Would you print the listing that follows exactly, but without its pictures?

**DATASET EXTRACT**.
++++++++++++++++++++

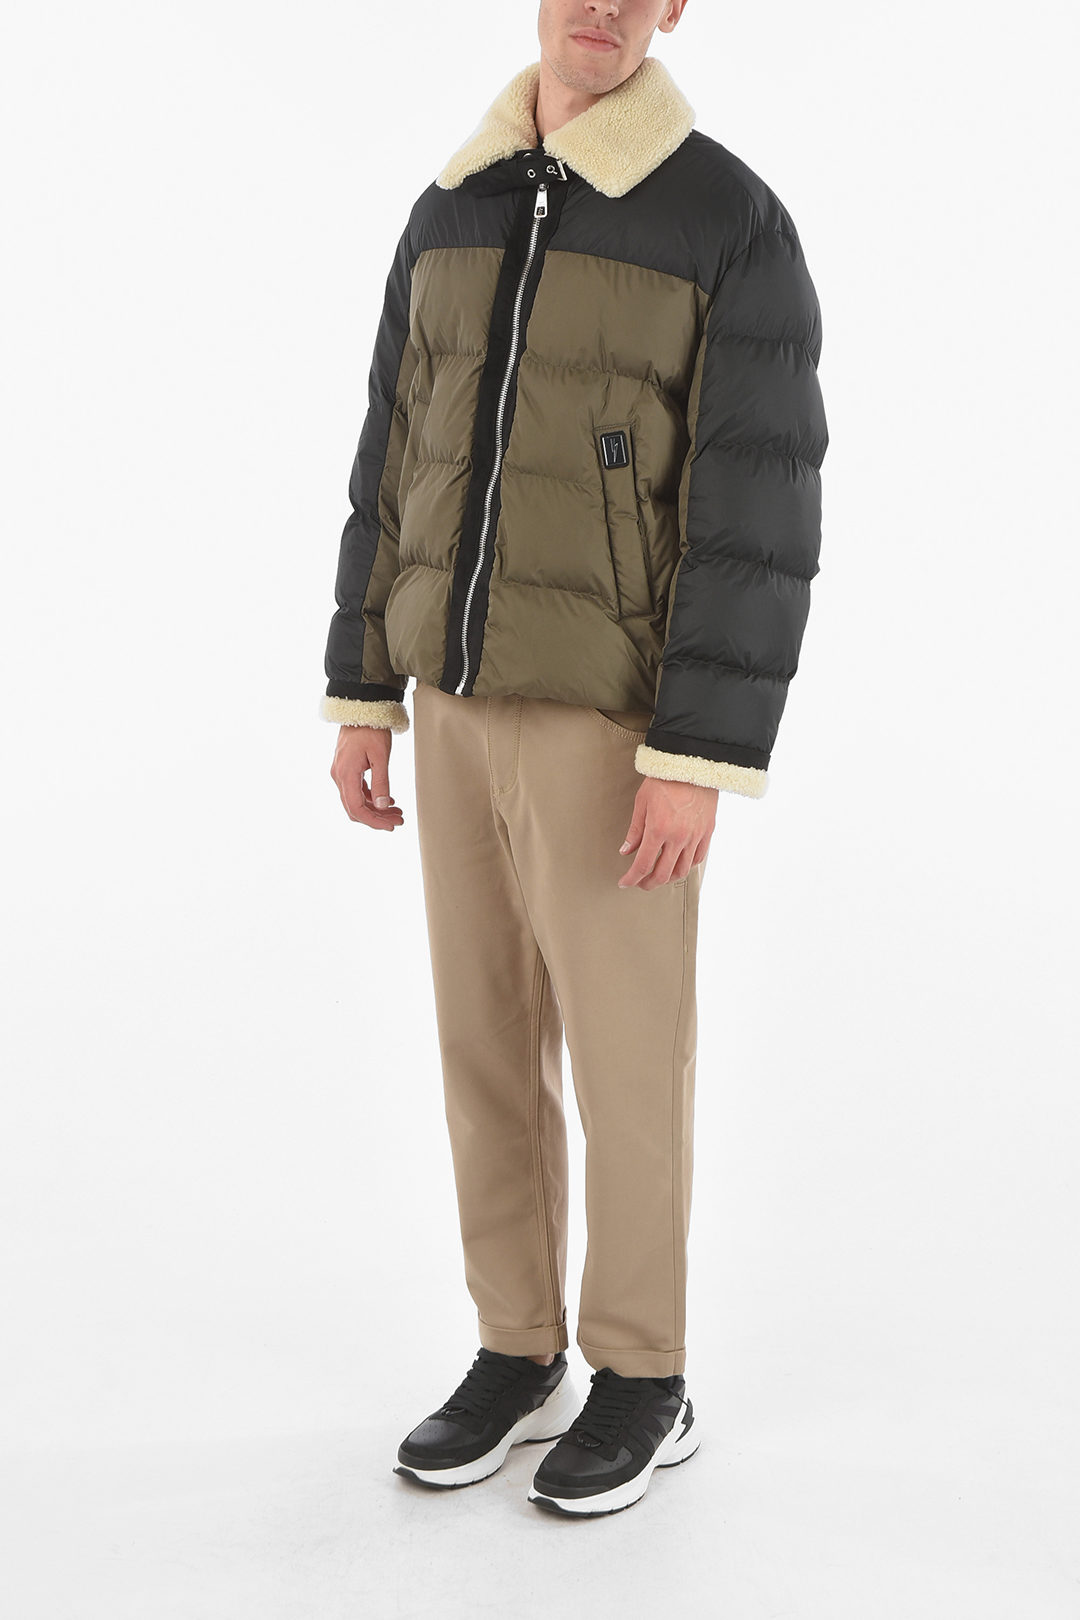 Neil Barrett Two-Tone PENFIELD Padded Jacket with Faux Fur collar men ...
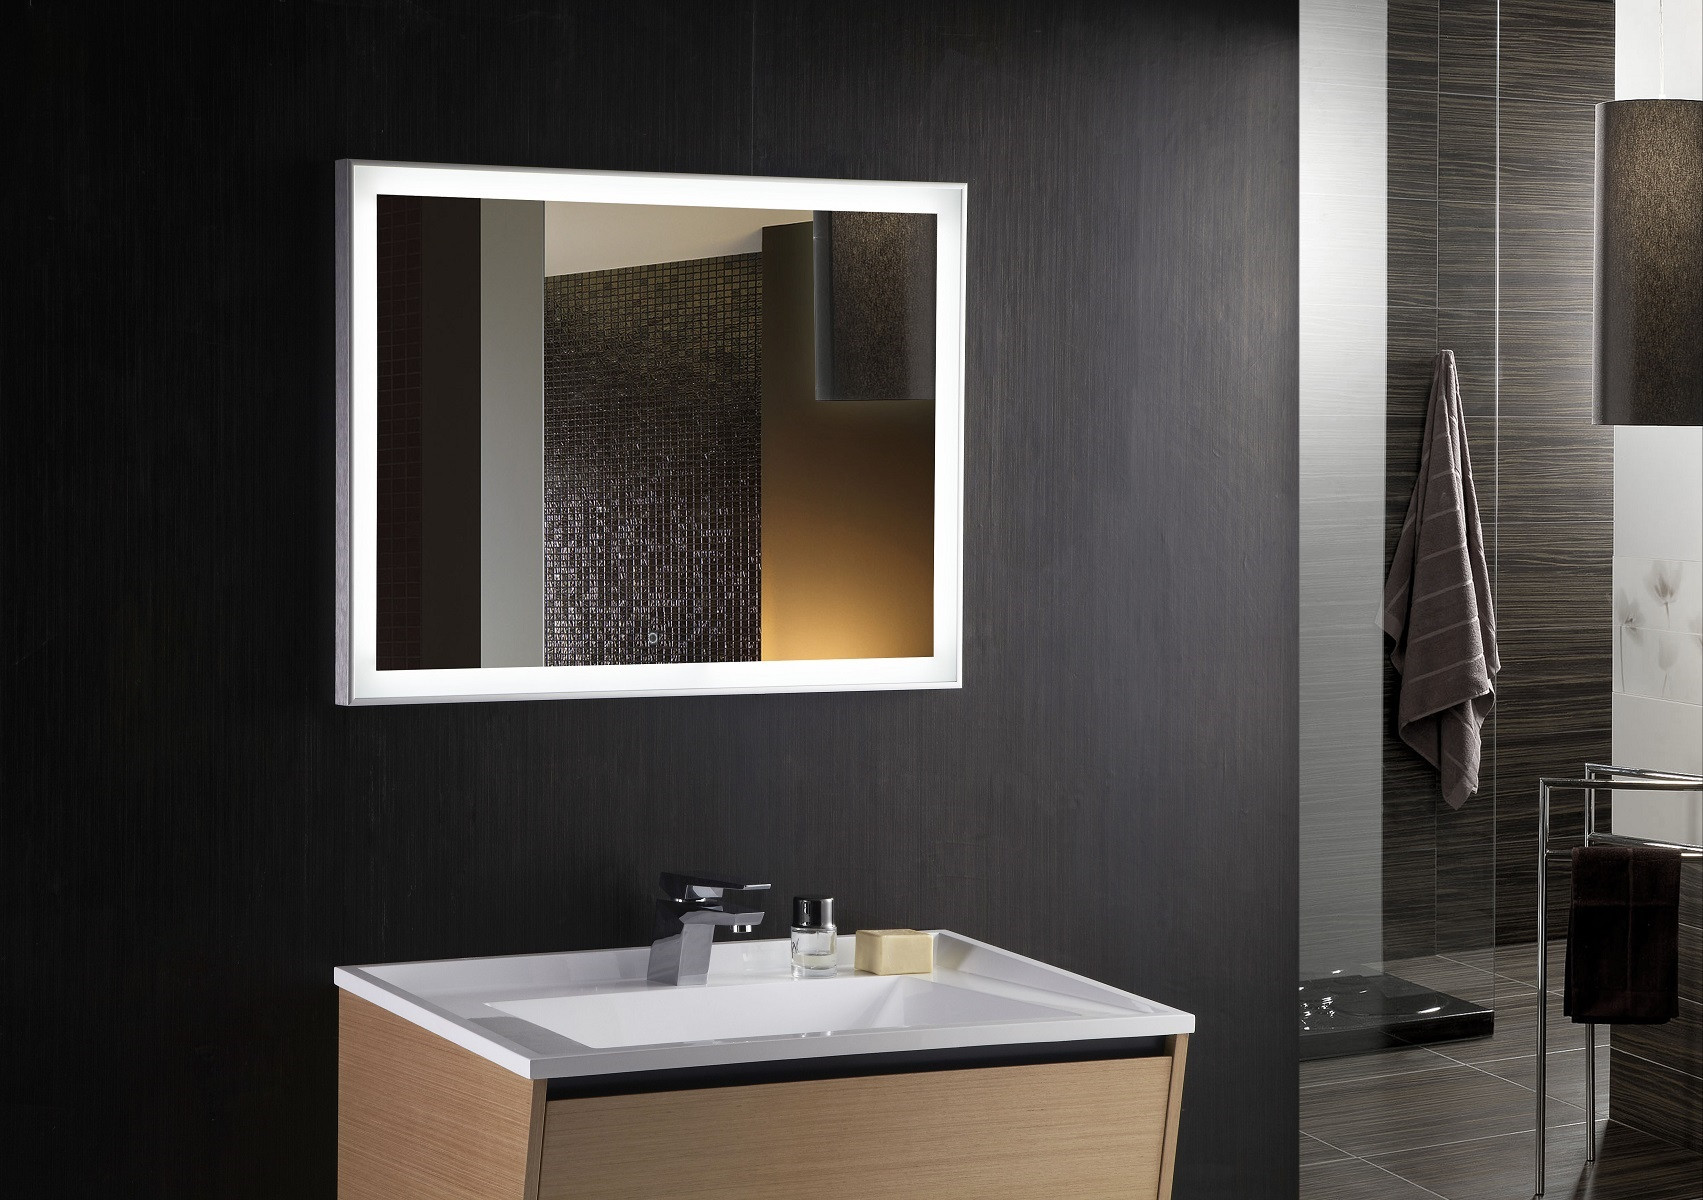 Bedroom Mirror With Lights
 Bedroom Make Your Home More Beautiful With Lighted Vanity

++++++++++++++++++++

**SOLVED EXERCISE**.
 Neil Barrett Two-Tone PENFIELD Padded Jacket with Faux Fur collar men ...
 Bedroom Mirror With Lights
 Bedroom Make Your Home More Beautiful With Lighted Vanity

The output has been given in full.